– И вы совершенно правы, – согласилась Ханна. – Спасибо, что заглянули.
– Да не за что, мисс! Ну, бывайте.
И они пошлепали к своему фургону. Ханна еще немного поборолась с мешками, чтобы закрыть течь в углу, а потом зашла в дом и заперла за собой дверь на замок.
Малкольму не терпелось увидеться с сестрой Фенеллой и спросить, что сказал ей в ту ночь лорд Азриэл. Но когда, наконец, в четверг после школы он добрался до монастыря, старушка наотрез отказалась об этом разговаривать.
– Если хочешь помочь, почисти яблоки, – вот и все, что она сказала.
Он и не знал, что сестра Фенелла может быть такой упрямой.
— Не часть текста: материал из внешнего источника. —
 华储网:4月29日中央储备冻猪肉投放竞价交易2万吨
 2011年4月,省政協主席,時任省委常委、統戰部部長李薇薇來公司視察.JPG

Она просто пропускала все вопросы Малкольма мимо ушей. Наконец, он почувствовал, что ведет себя слишком настырно, устыдился, что не понял этого сразу, и умолк. Яблоки были сорта брамли, все до одного корявые и в бурых пятнах. Лучшую часть урожая монахини продавали, а самые неказистые яблоки ели сами. Впрочем, по мнению Малкольма, как бы ни выглядели яблоки, а пироги у сестры Фенеллы всегда получались отличные. Обычно она оставляла ему кусочек.
Выждав немного, Малкольм решил завести разговор о чем-нибудь другом.
– Интересно, что сейчас поделывает мистер Боутрайт.
– Верно, так и прячется в лесах, если его не поймали, – отозвалась сестра Фенелла.
– А может, он переоделся и выдает себя за кого-то другого, – предположил Малкольм.
– Ну и в кого он, по-твоему, мог переодеться?
– Ну, например… не знаю. Его деймону тоже пришлось бы маскироваться.
– Детям это куда проще, – заметила белка сестры Фенеллы.
– Интересно, а в какие игры вы играли в детстве? – полюбопытствовал Малкольм.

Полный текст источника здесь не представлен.